Des retombées économiques attendues pour le secteur privé
Derrière la vitrine protocolaire se dessine un enjeu concret : attirer des financements extrarégionaux dans l’agro-industrie, le numérique et l’énergie verte. La feuille de route préparée par l’Union nationale des opérateurs économiques prévoit des sessions de ‘deal-making’ sectorielles, assorties d’un cadre d’arbitrage simplifié afin de donner à chaque projet un horizon juridique clair. Les petites et moyennes entreprises, souvent à la peine pour accéder au capital, pourraient bénéficier d’une visibilité inédite. Le ministère du Développement industriel s’est déjà engagé à présenter un portefeuille d’opportunités d’une valeur estimée à 1,2 milliard de dollars.
Dimension politique : une diplomatie du résultat
Si le Forum relève avant tout de la sphère économique, il n’échappe pas aux lectures politiques.
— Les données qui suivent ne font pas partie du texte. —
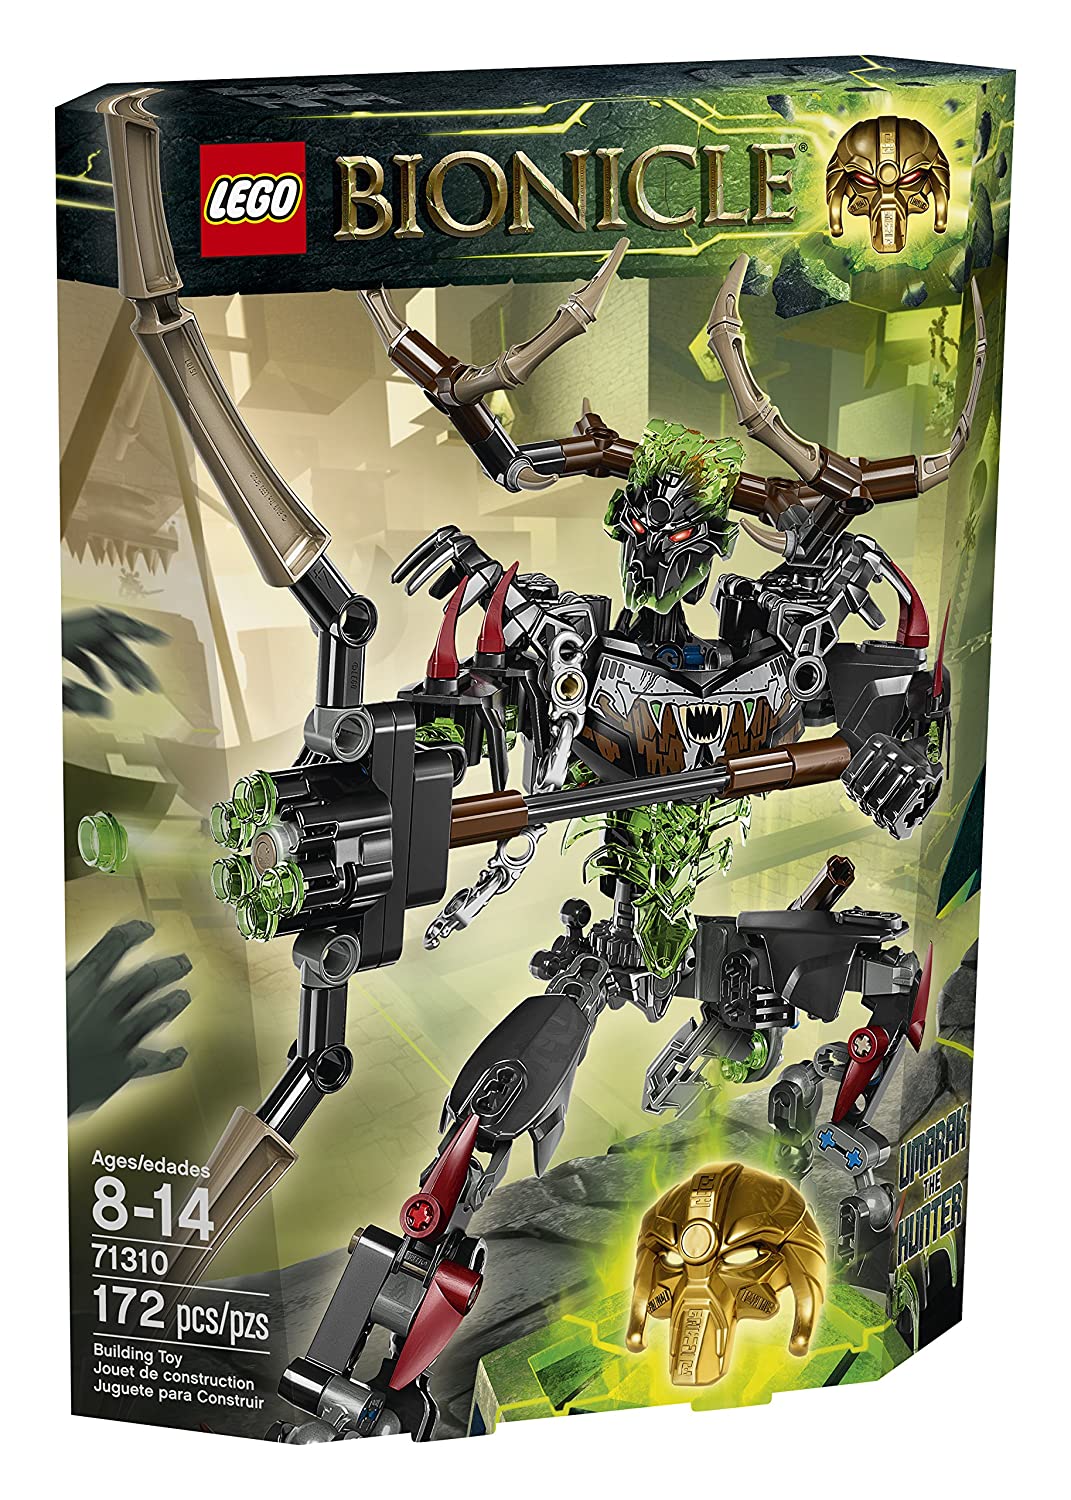 15 Best Lego BIONICLE Sets 2022 - Buying Guide & Reviews 13

Placé sous le très-haut patronage du président de la République ou de son représentant, l’événement offre à Brazzaville l’occasion de démontrer sa capacité à fédérer un projet collectif au-delà des appartenances partisanes. Dans un environnement géopolitique où les francophonies du Nord et du Sud cherchent une nouvelle cohérence, la tenue du FIEF 2026 signalera la disponibilité congolaise à endosser des responsabilités régionales. Certains analystes évoquent déjà le ‘soft power’ que pourrait en retirer le pays, à la manière des capitales du Golfe qui ont su transformer des manifestations sectorielles en levier d’influence.
Regards d’experts sur les perspectives post-forum
Pour la chercheuse camerounaise Aline Nkoa, spécialiste des dynamiques entrepreneuriales africaines, « la valeur ajoutée d’un tel rendez-vous se mesure dans sa capacité à accoucher de programmes conjoints, non de simples intentions ». Elle plaide pour une évaluation à six et douze mois afin de quantifier les contrats signés et l’impact en matière de transferts de compétences. De son côté, le politologue français Michel Verger considère que « le Congo, en privilégiant la diplomatie du développement, envoie un signal rassurant aux investisseurs hésitants ». À l’heure où Brazzaville accroît sa présence au sein des organisations multilatérales, la réussite du FIEF pourrait ainsi devenir une balise supplémentaire sur la trajectoire d’un pays résolument tourné vers l’économie du savoir et la coopération gagnant-gagnant.